» **Supplied records**
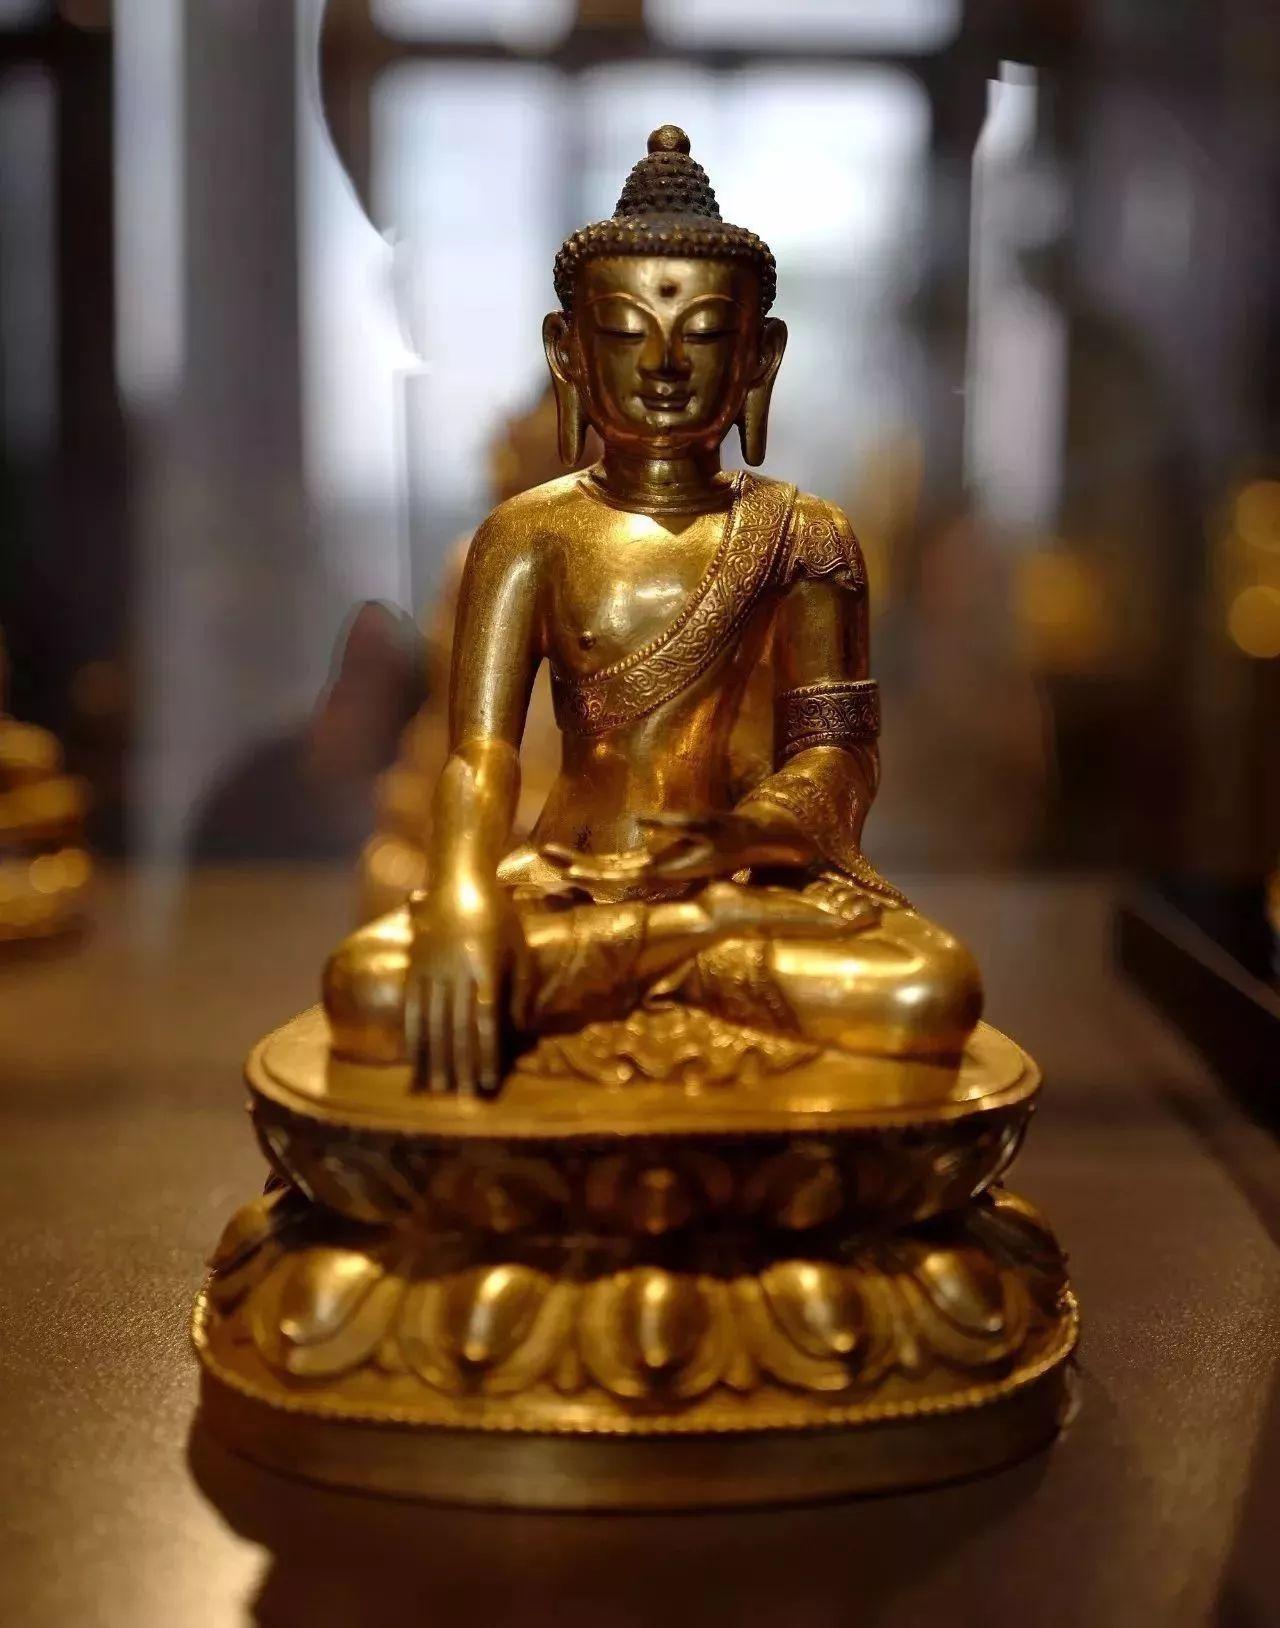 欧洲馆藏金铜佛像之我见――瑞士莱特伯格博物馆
==
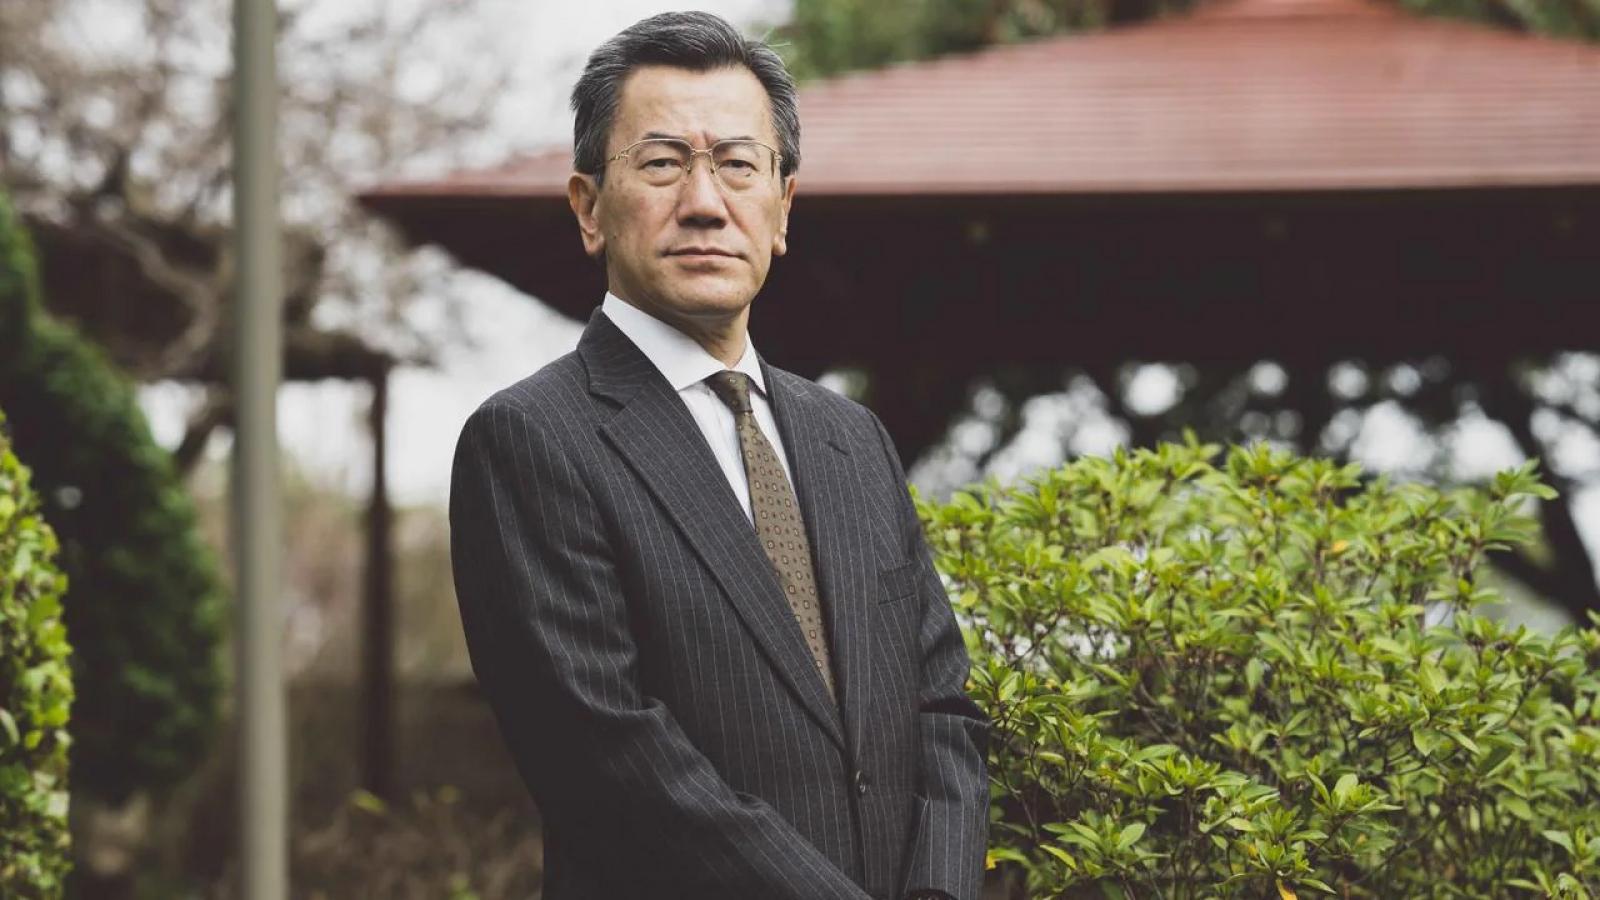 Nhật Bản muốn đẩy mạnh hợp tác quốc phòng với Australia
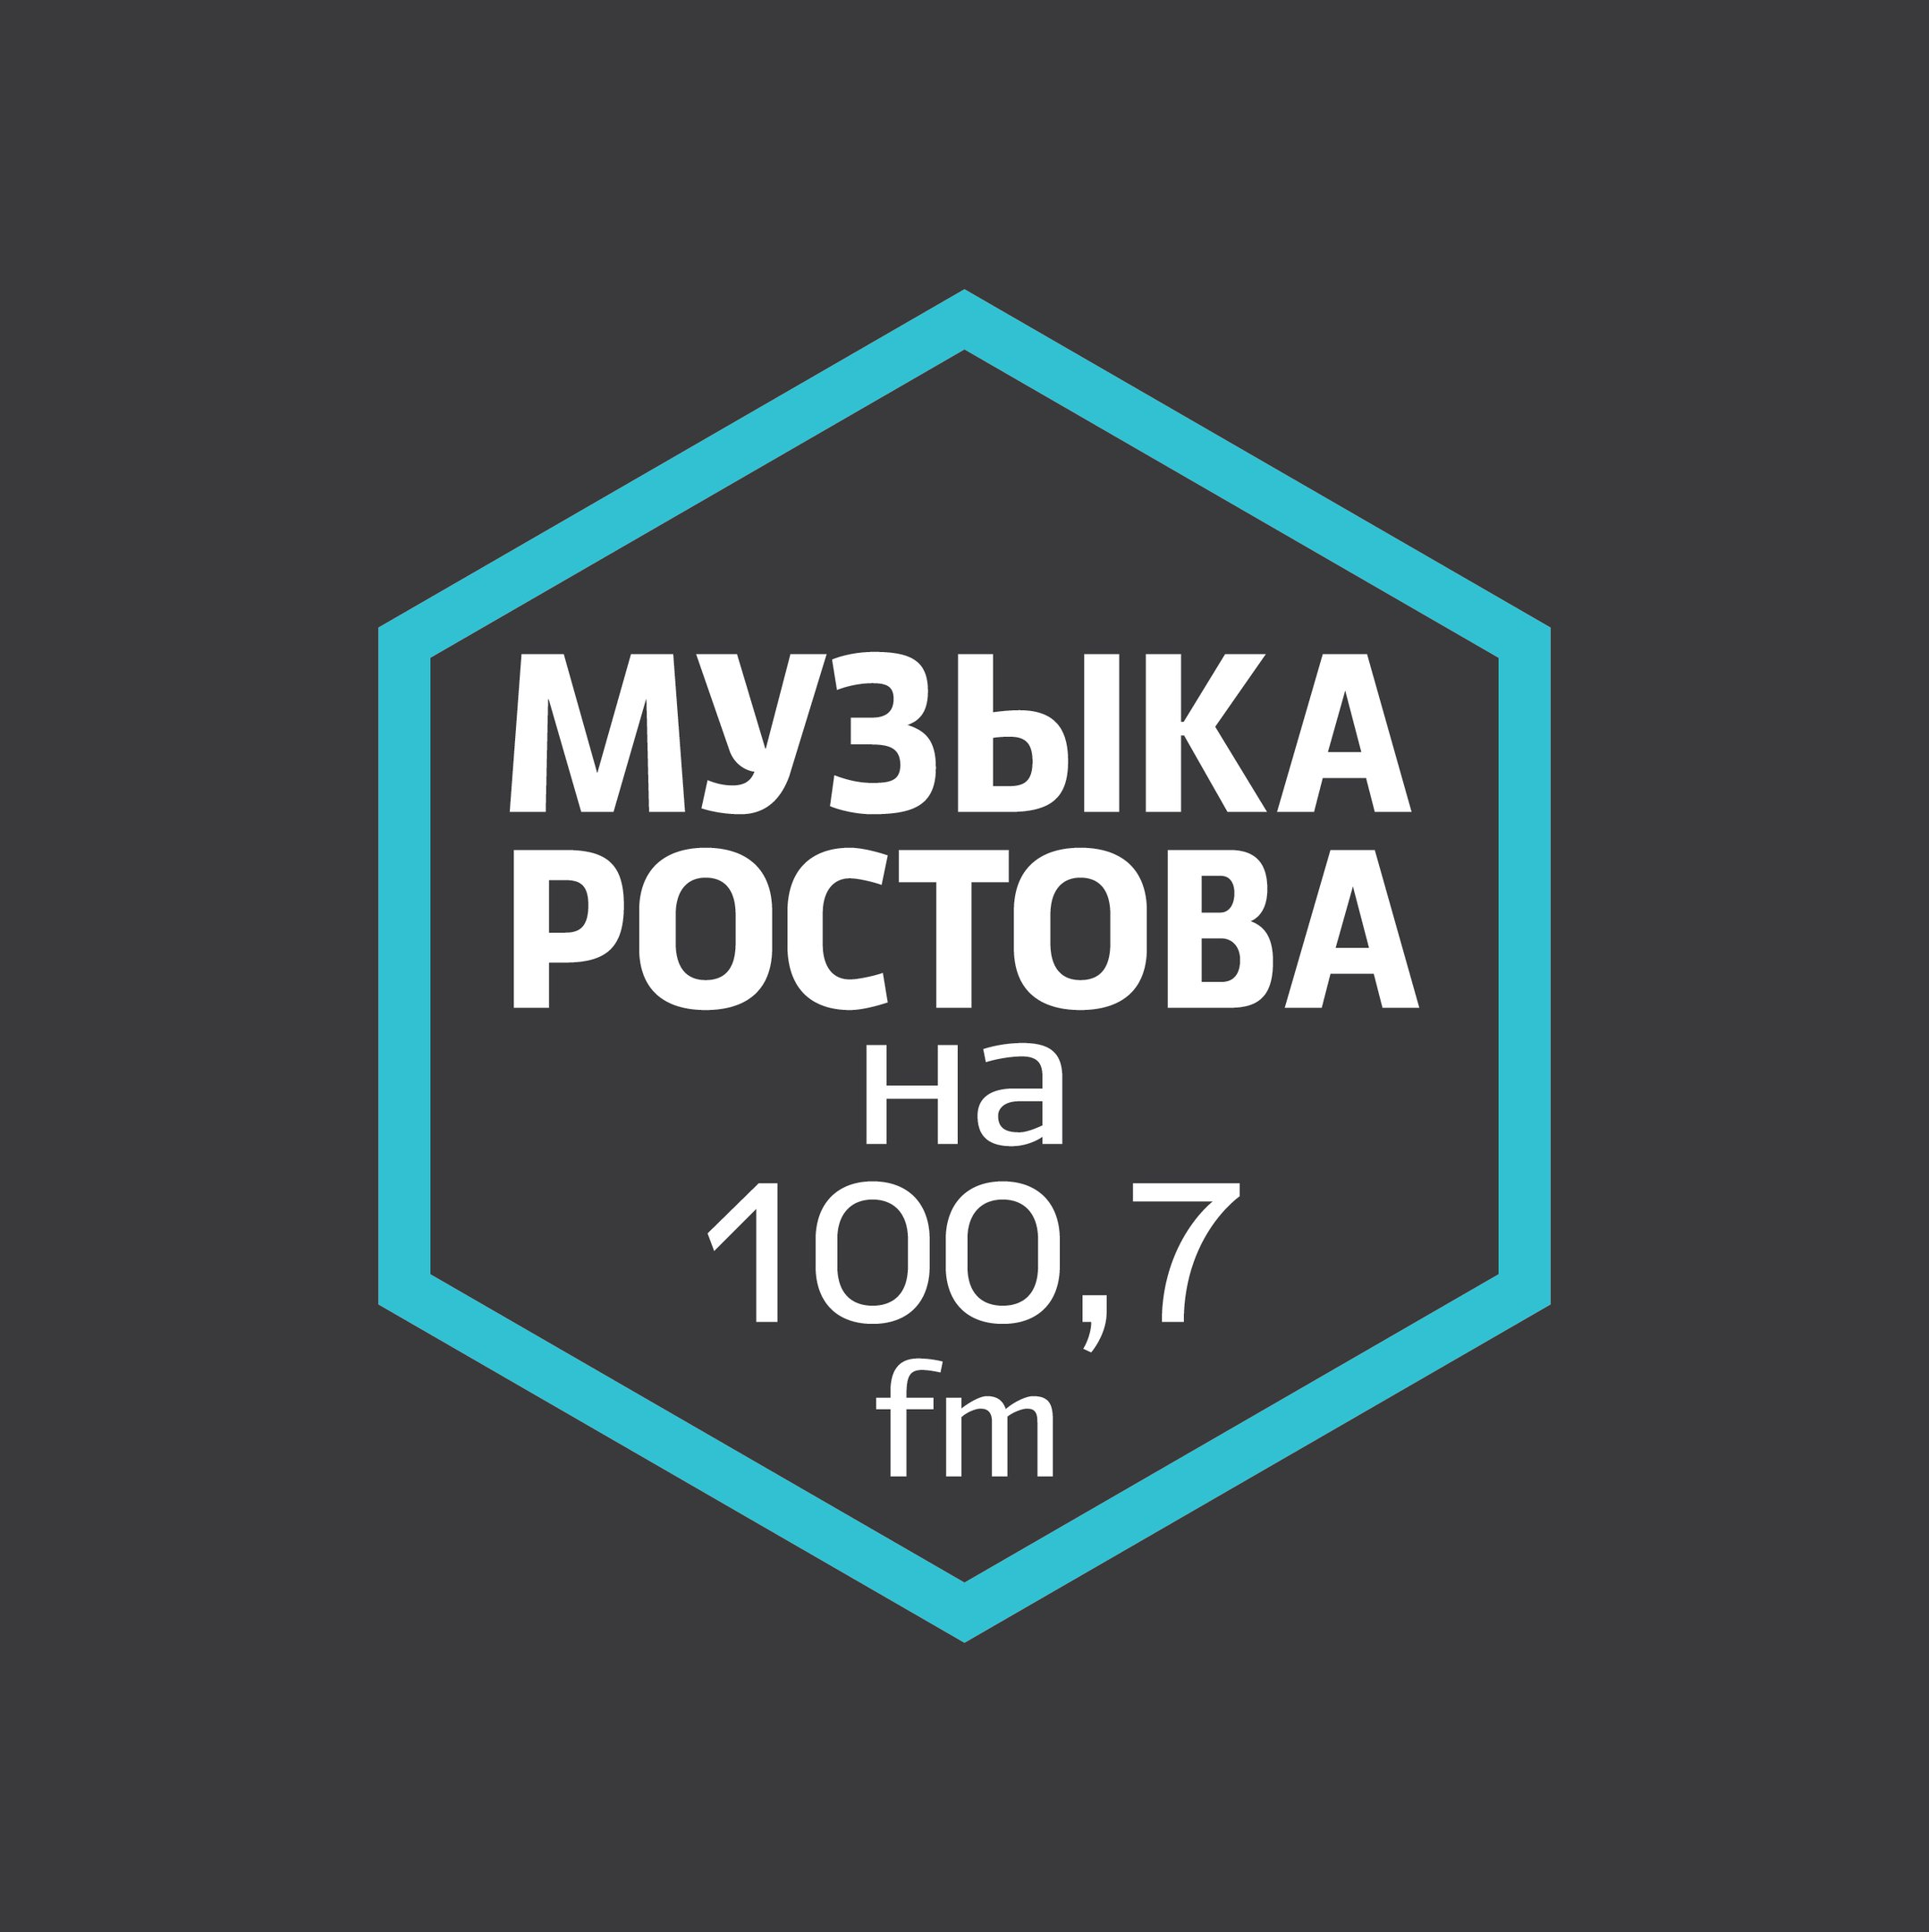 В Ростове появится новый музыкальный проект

» **The problem**
For this exercise, transcribe exactly the part of the records above that opens with the line containing "Nhật Bản muốn" and closes with the one containing "В Ростове появится новый музыкальный проект". Pictures are not part of the copy.

» **Problem solution**
 Nhật Bản muốn đẩy mạnh hợp tác quốc phòng với Australia
 В Ростове появится новый музыкальный проект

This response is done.